The billable hour is fine. The record isn't.

The billable hour has been declared dead for as long as anyone in legal operations has been alive to read the obituaries. Alternative fee arrangements were going to replace it. Then fixed fees. Then value-based pricing. Yet in litigation and insurance defense, the hour remains the overwhelming default. Not out of nostalgia, but because nothing else prices genuinely unpredictable work as well.

The hour is a fair deal with a trust problem

An hourly arrangement is a simple bargain: the client pays for the time the work actually took. For work whose scope is set by an adversary (motions you didn’t choose to receive, depositions that run long, discovery that balloons) that bargain allocates risk more honestly than any fixed fee can.

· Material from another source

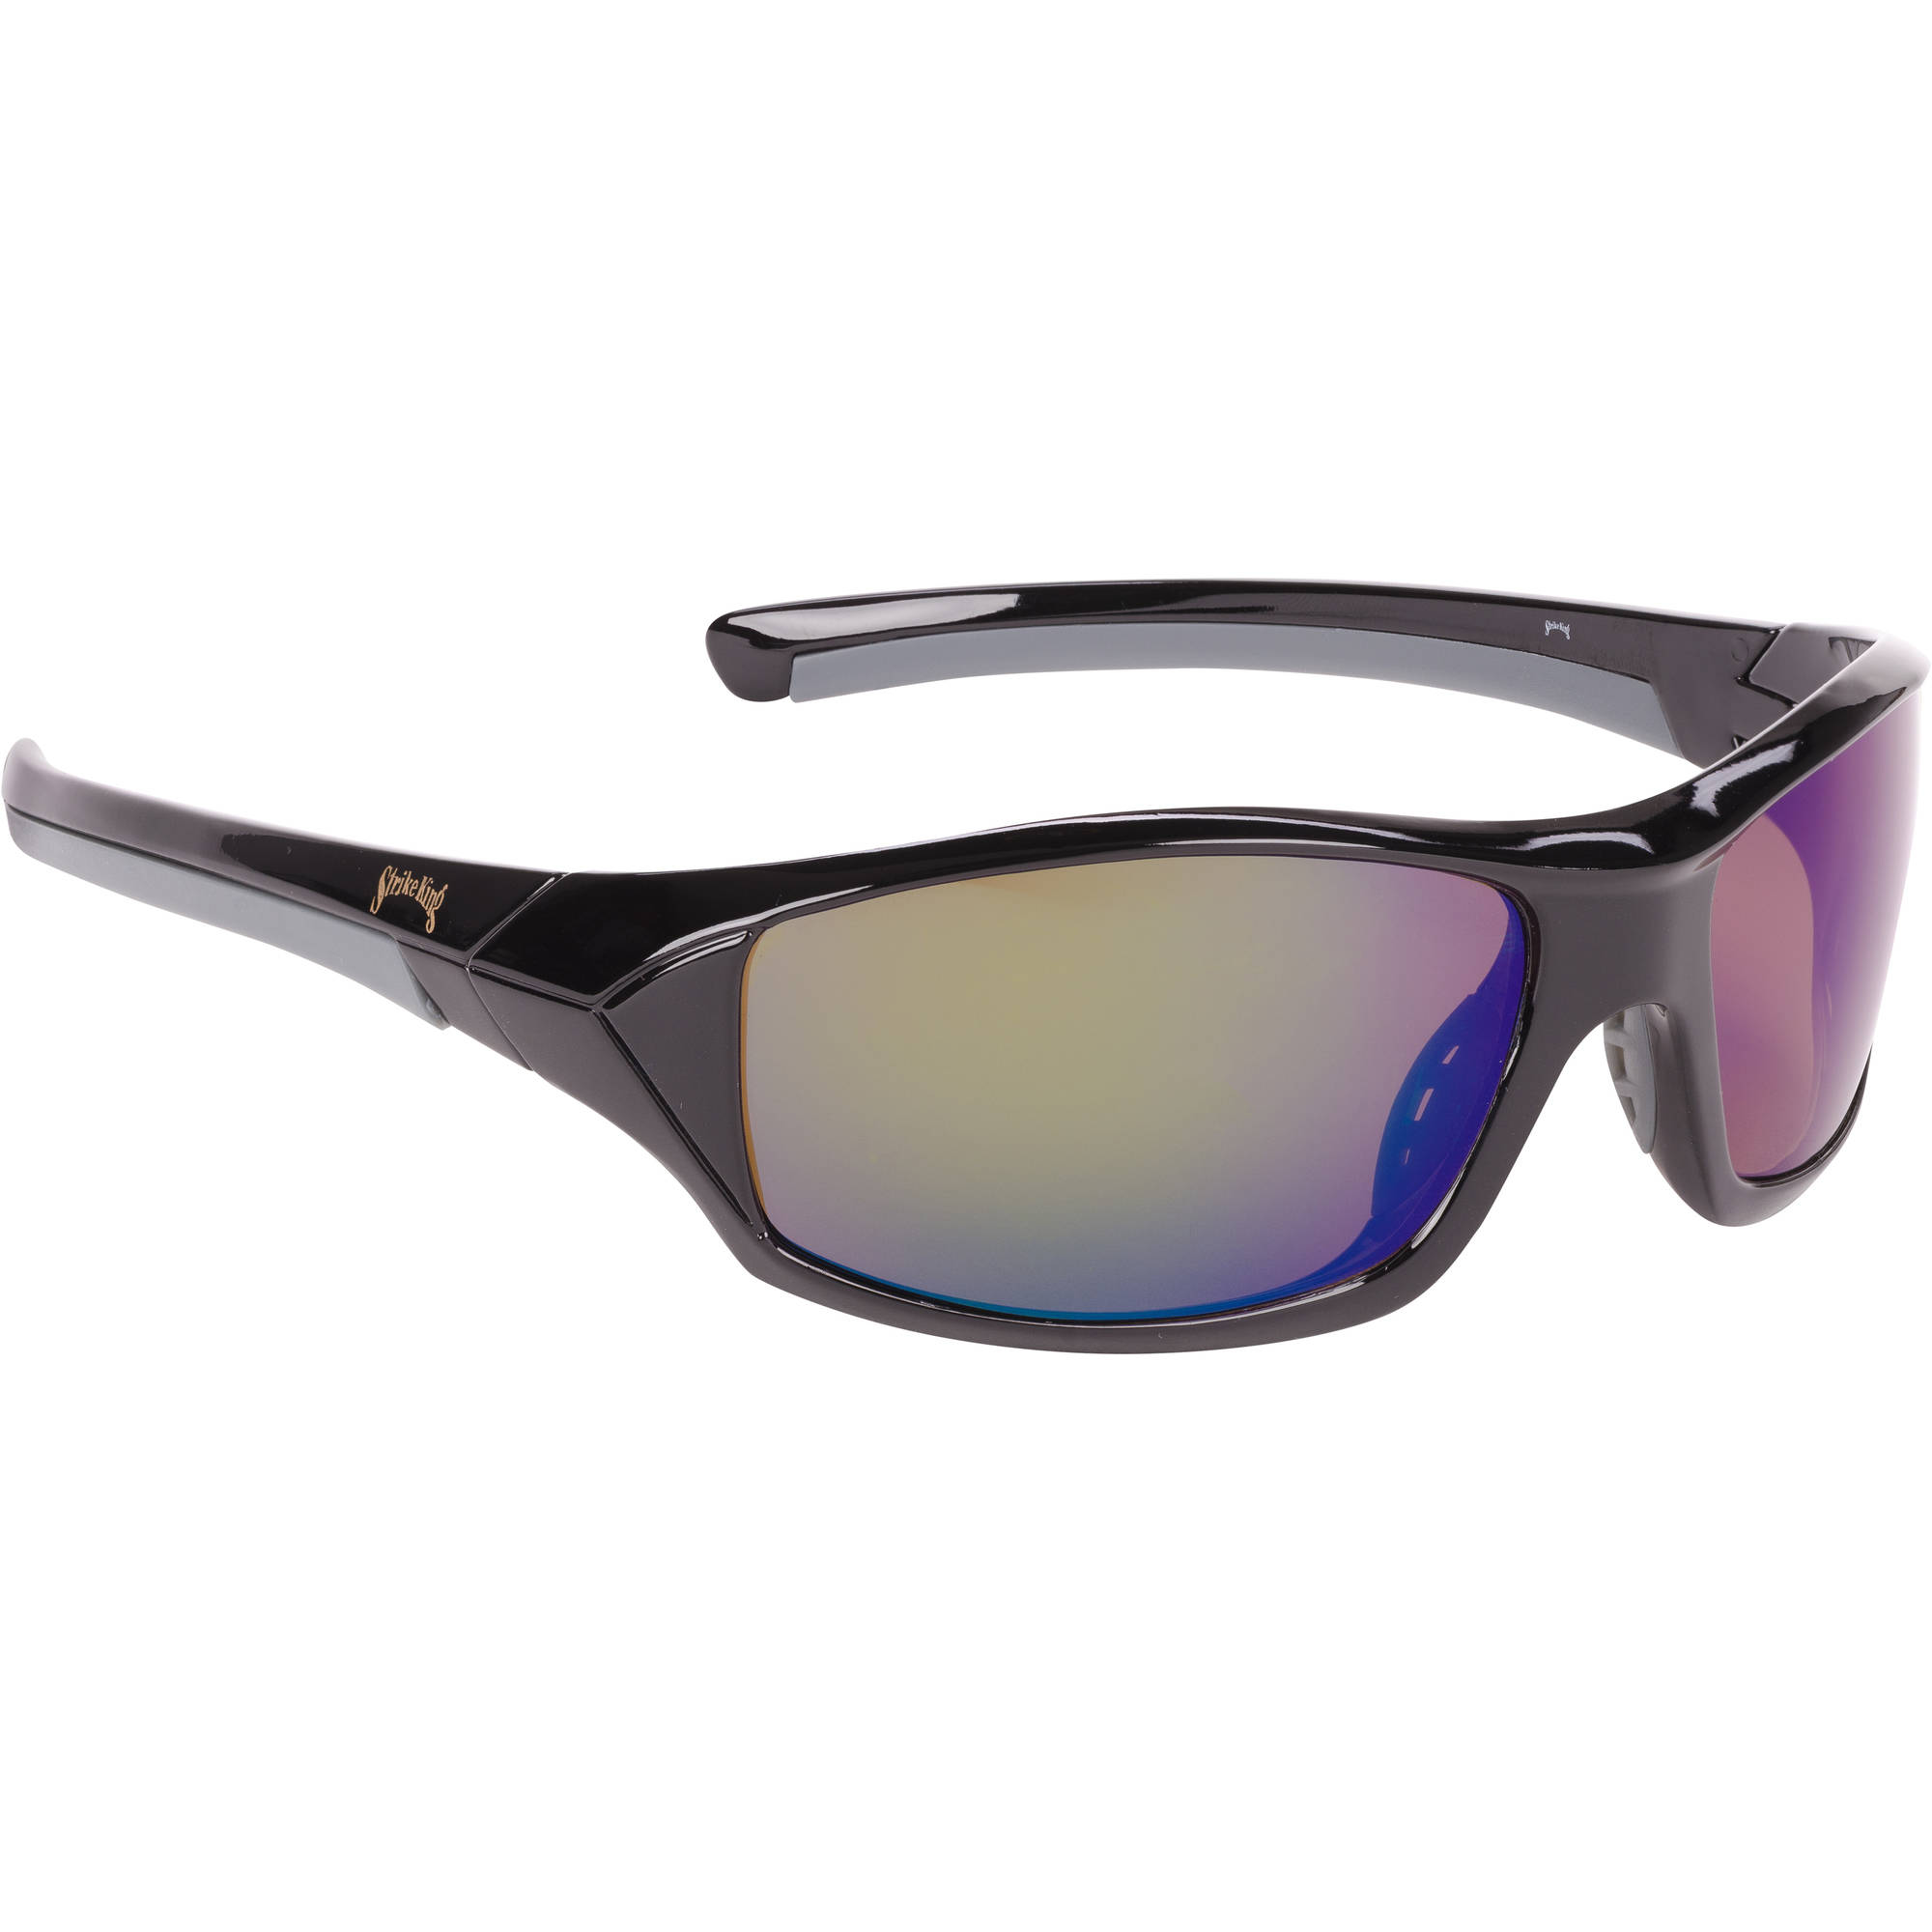 Strike King Polarized Performance Sunglasses Shiny Black Frame with Blue Mirror Lens Full Rim Frame, Male Adult - image 1 of 7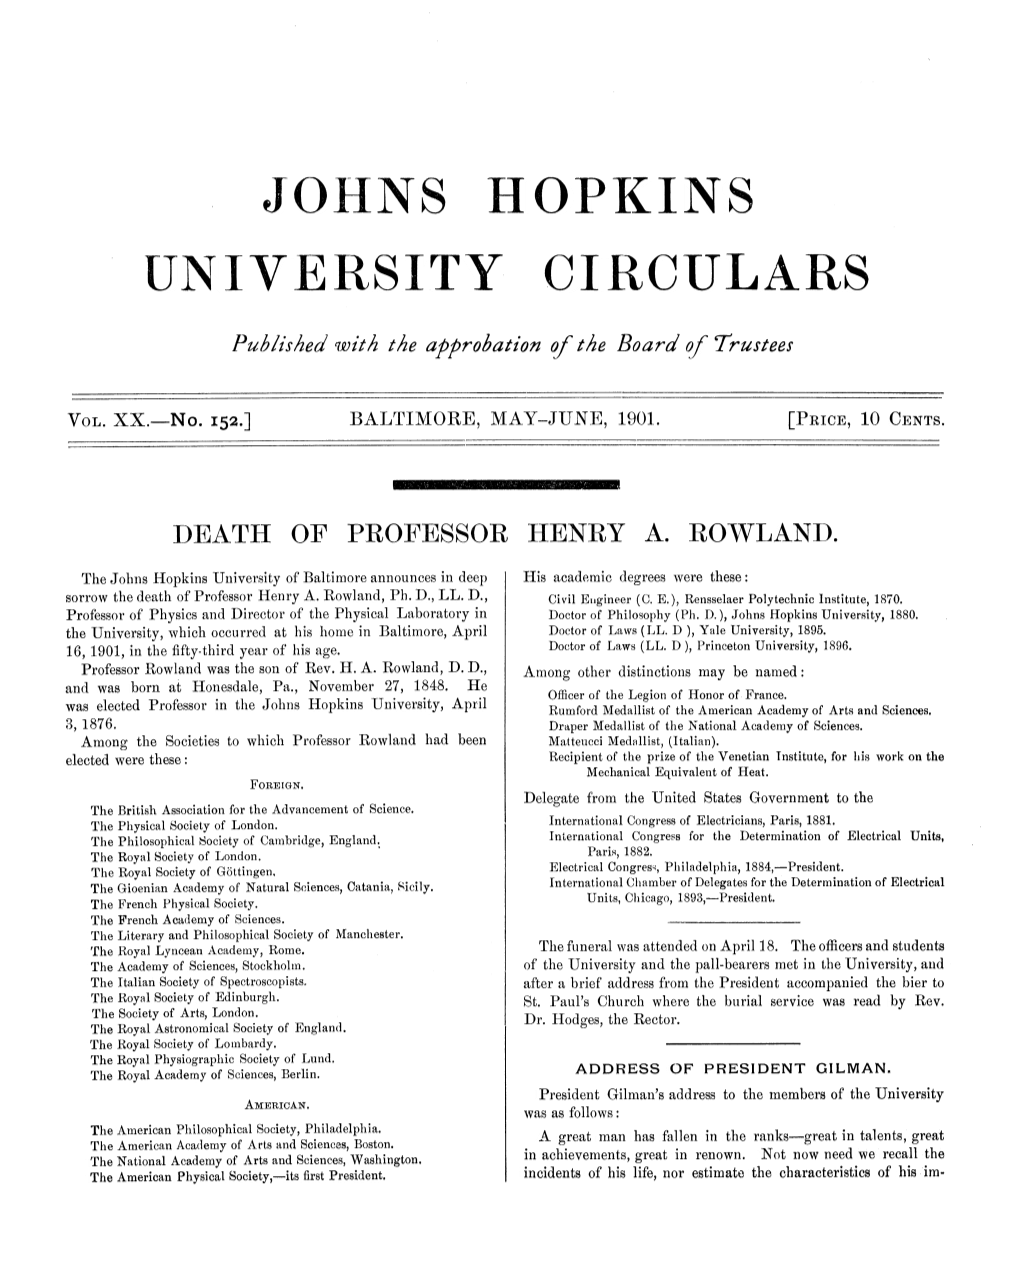 Johns Hopkins University Circulars

What has eroded is not the bargain. It is the client’s confidence in the number on the invoice. Carriers did not build audit departments and deploy bill-review software because they reject hourly billing in principle. They built them because the record behind the hour, full of reconstructed narratives, rounded durations, and blocked tasks, gave them reason to check.

Every guideline, audit, and reduction is the same message in different envelopes: we don’t trust the record.

The arms race nobody wins

The industry’s response has been symmetrical escalation. Carriers buy audit software; firms buy prebill software to anticipate the audit software. Guidelines grow longer; compliance review grows longer to match. Each side spends more to argue about a record that neither side believes is precise.

This is what actually deserves the obituary: not the hour, but the adversarial accounting built around a reconstructed record of it.

Fix the record, keep the hour

A record kept while the work happens changes the terms. When every entry is contemporaneous, itemized, and corroborated by the day it describes, the carrier’s audit finds nothing to cut, the appeal (on the rare occasion one is needed) quotes evidence rather than memory, and the guideline rulebook stops growing, because the behavior it was written to police stops appearing.

The billable hour does not need replacing. It needs a record worthy of the trust the bargain always assumed. Firms that fix the record will find the hour was never the problem, and firms that don’t will keep paying for the argument.